__BRIEF__. Set down each entry exactly; omit images.

[Stored data entries]
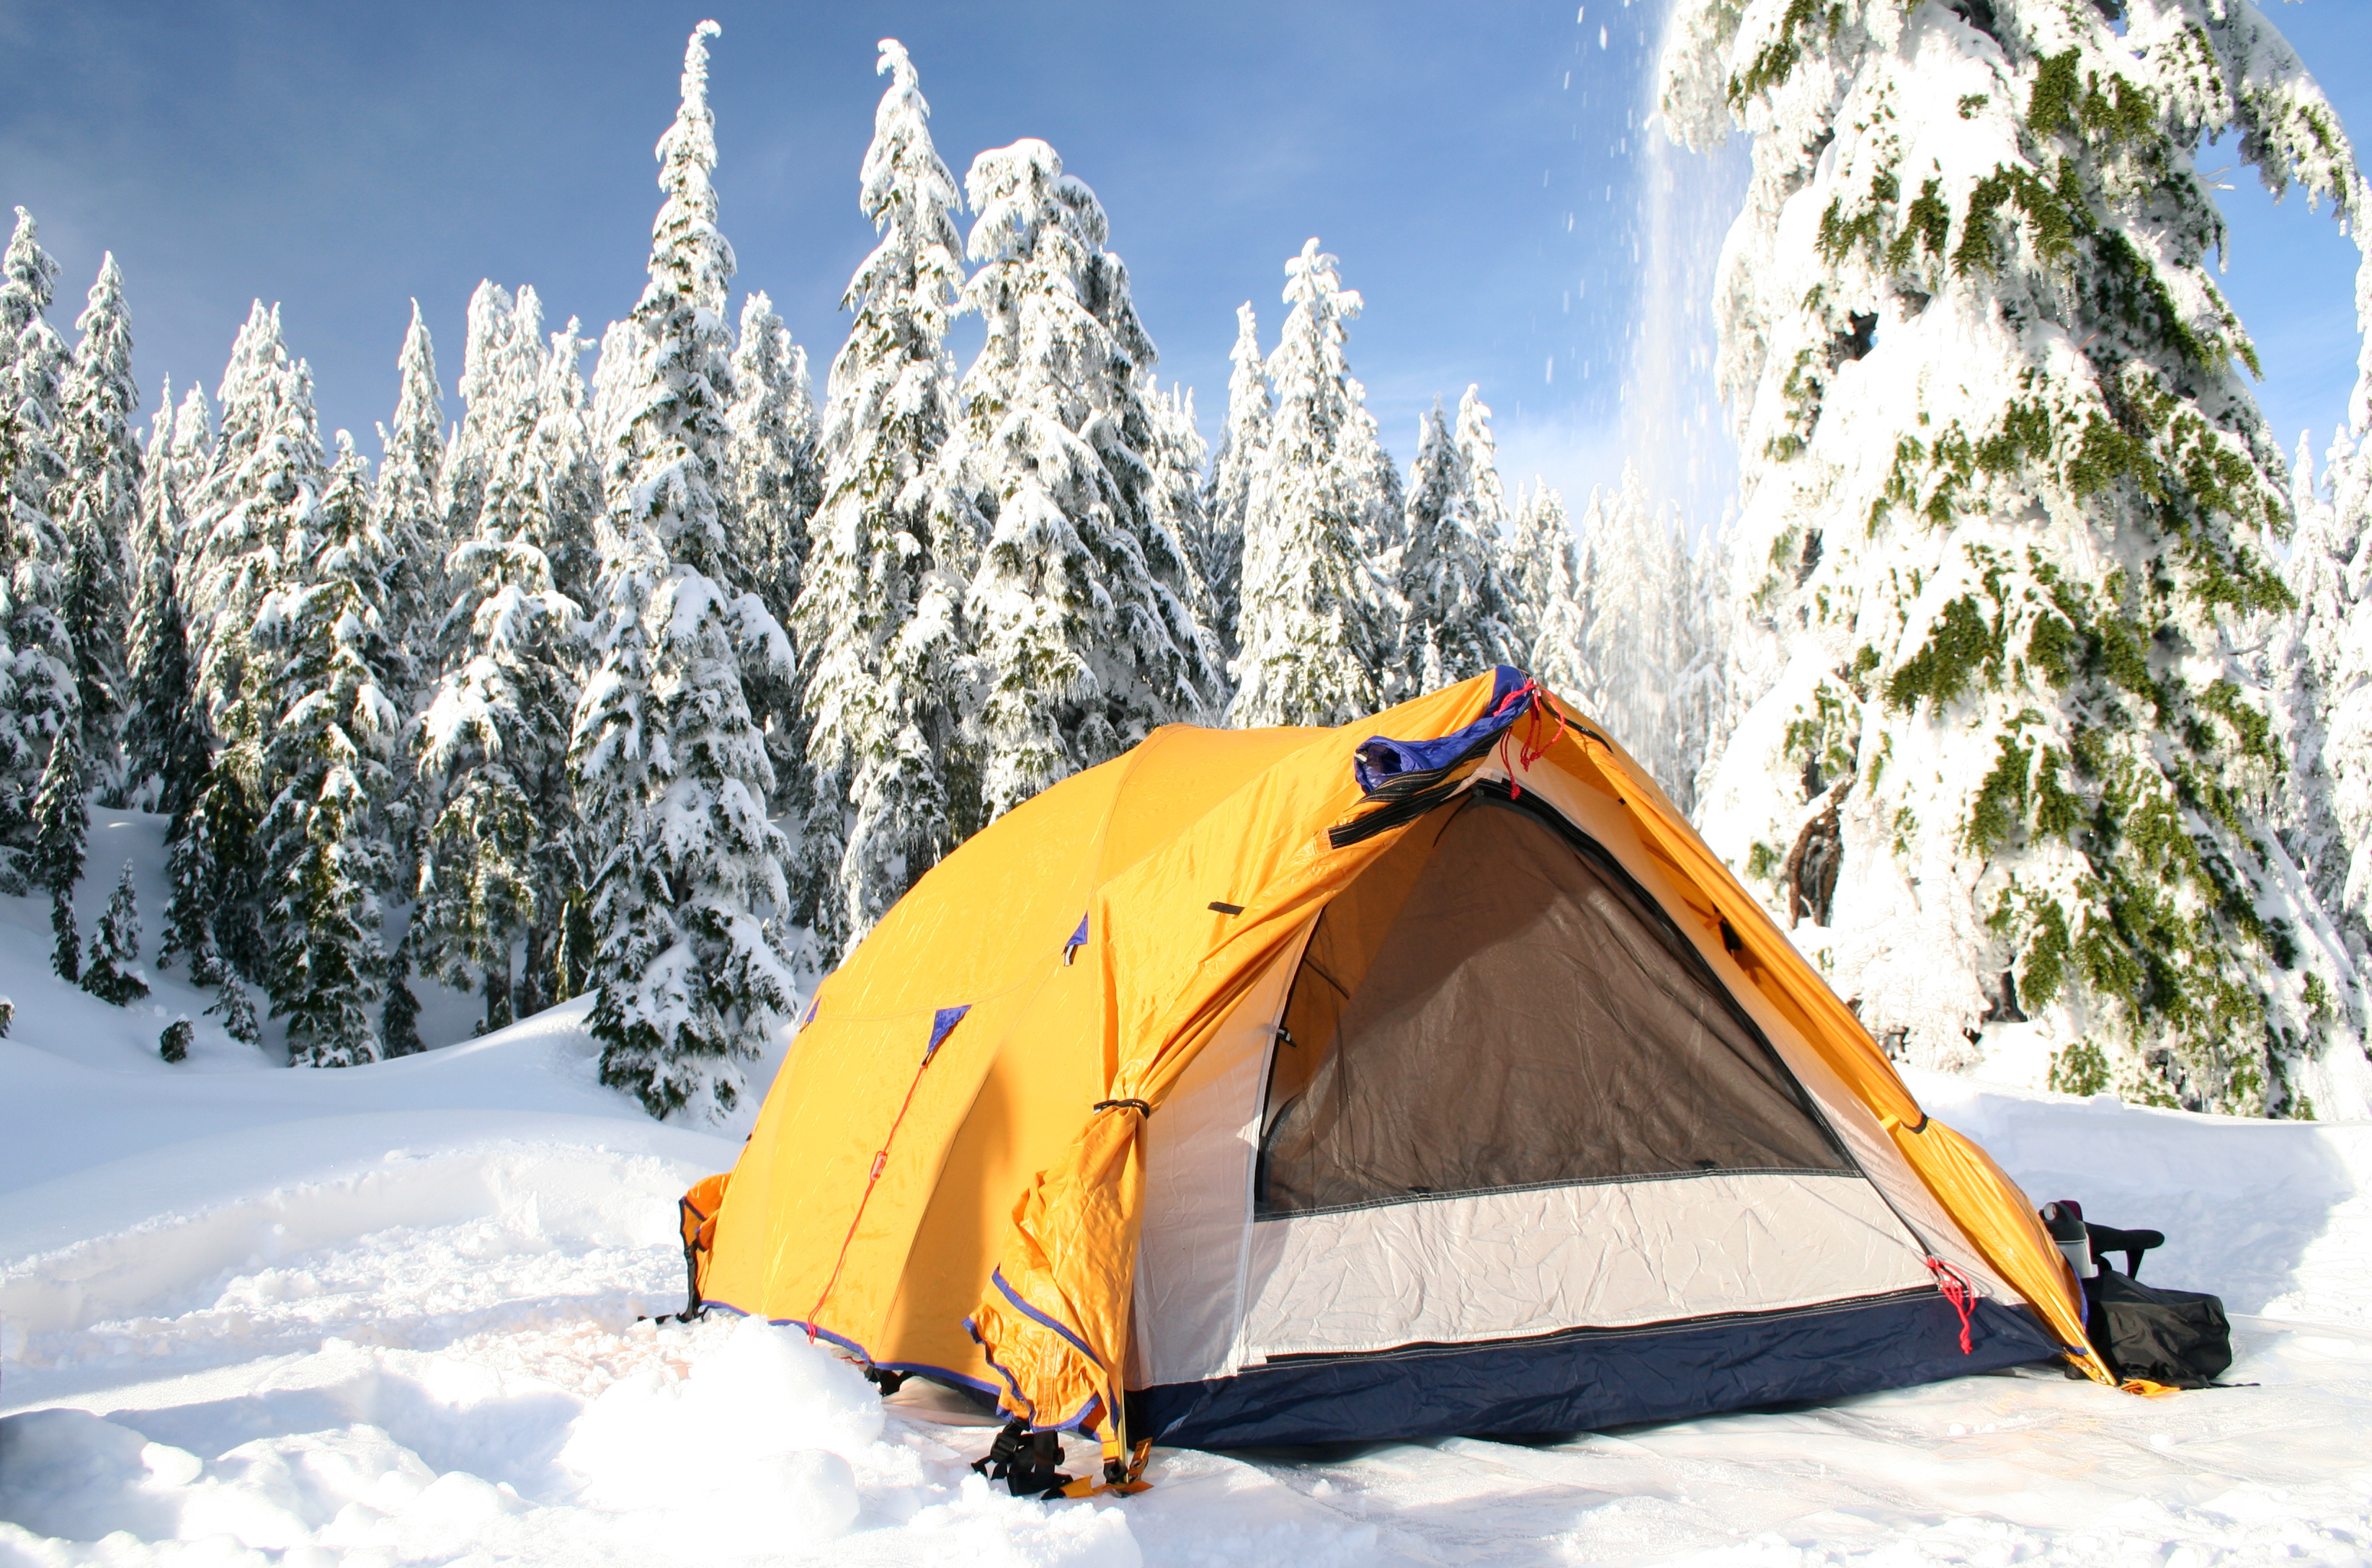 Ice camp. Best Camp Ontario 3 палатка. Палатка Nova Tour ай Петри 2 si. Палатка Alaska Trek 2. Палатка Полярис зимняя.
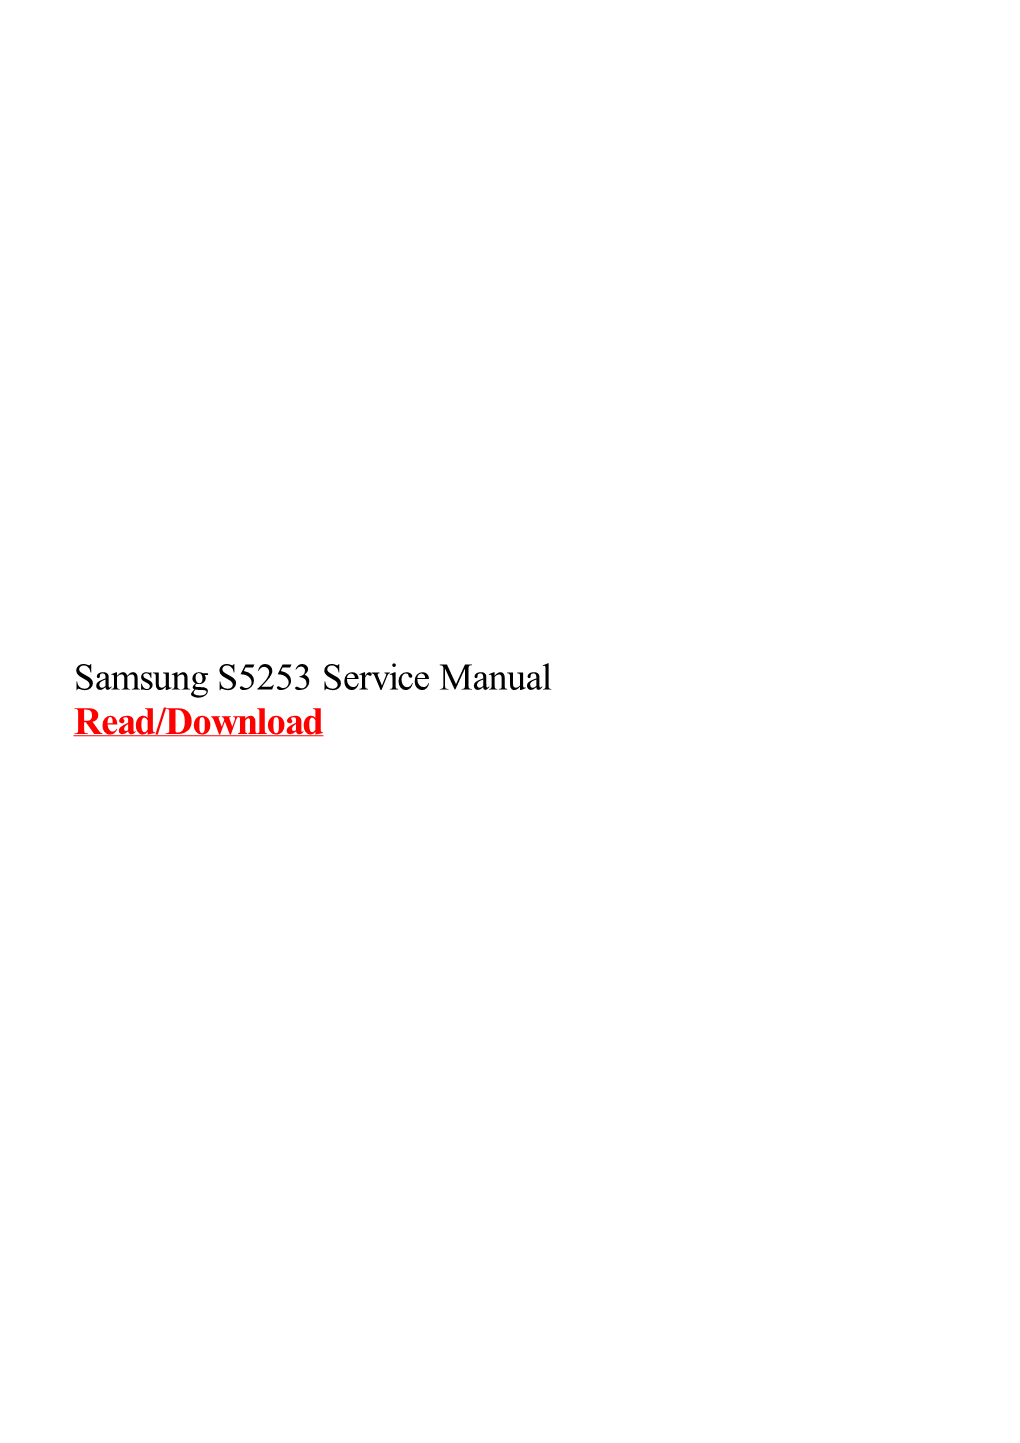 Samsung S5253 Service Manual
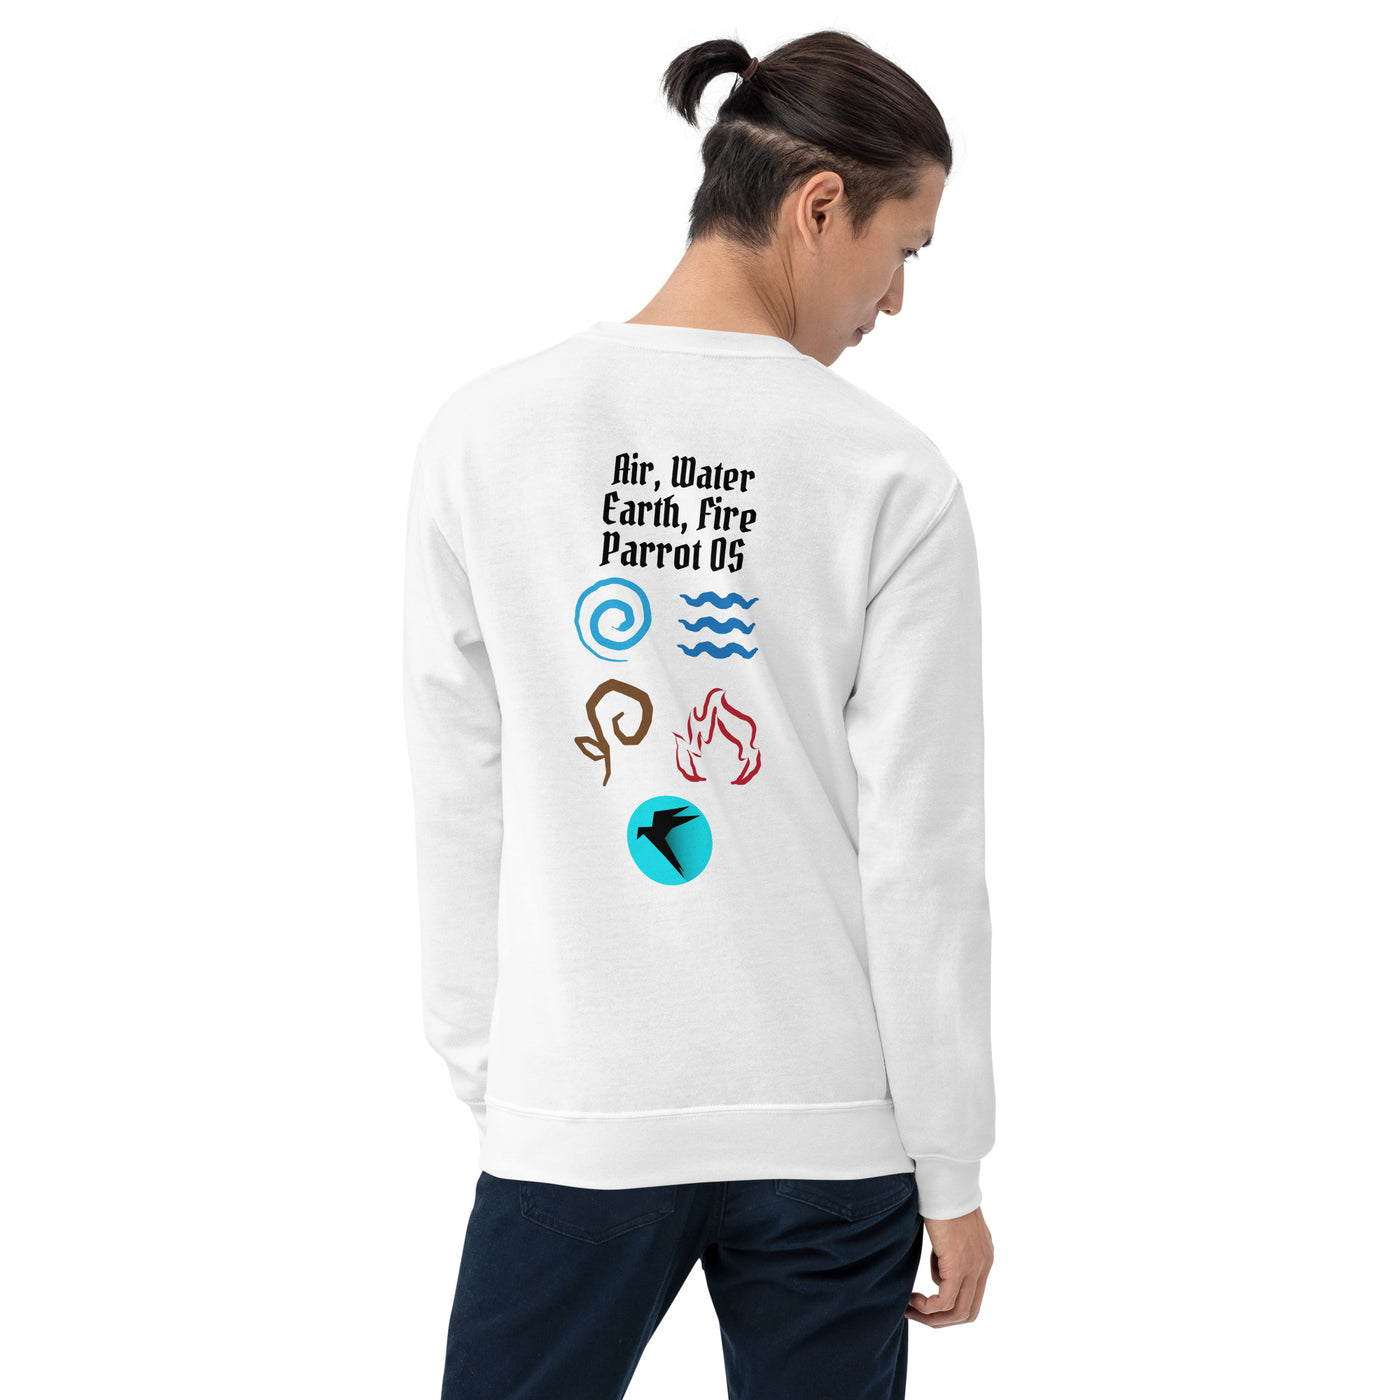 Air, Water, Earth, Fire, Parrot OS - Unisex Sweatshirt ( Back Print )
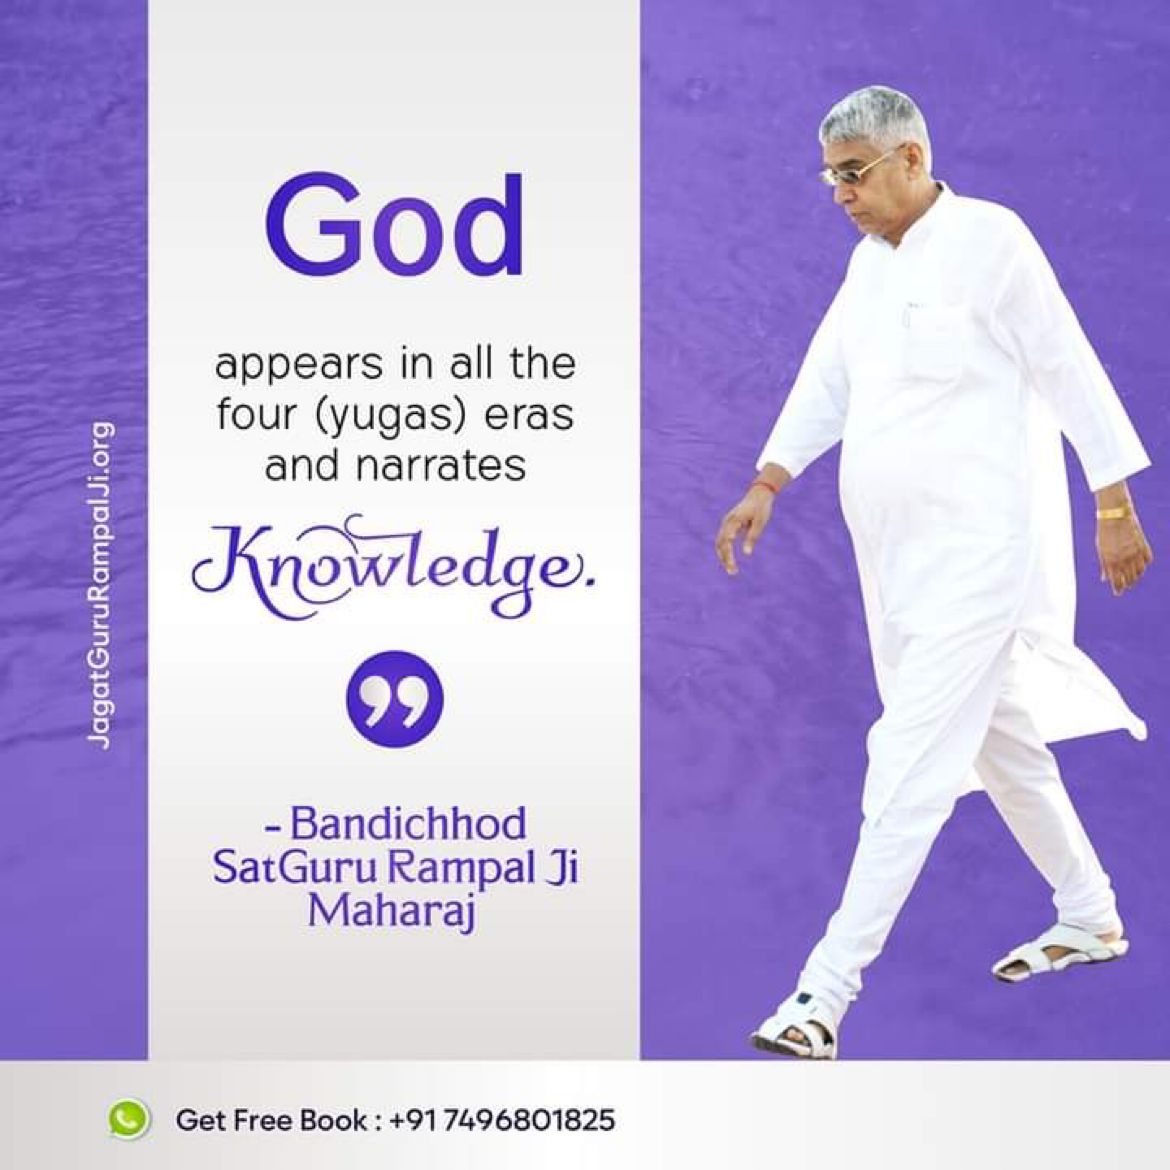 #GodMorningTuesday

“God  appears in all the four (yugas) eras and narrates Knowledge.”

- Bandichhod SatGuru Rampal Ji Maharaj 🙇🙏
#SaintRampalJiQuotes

__SOLUTION FOR THIS PROBLEM__.
 Ice camp. Best Camp Ontario 3 палатка. Палатка Nova Tour ай Петри 2 si. Палатка Alaska Trek 2. Палатка Полярис зимняя.
 Samsung S5253 Service Manual
 Air, Water, Earth, Fire, Parrot OS - Unisex Sweatshirt ( Back Print )
 #GodMorningTuesday

“God  appears in all the four (yugas) eras and narrates Knowledge.”

- Bandichhod SatGuru Rampal Ji Maharaj 🙇🙏
#SaintRampalJiQuotes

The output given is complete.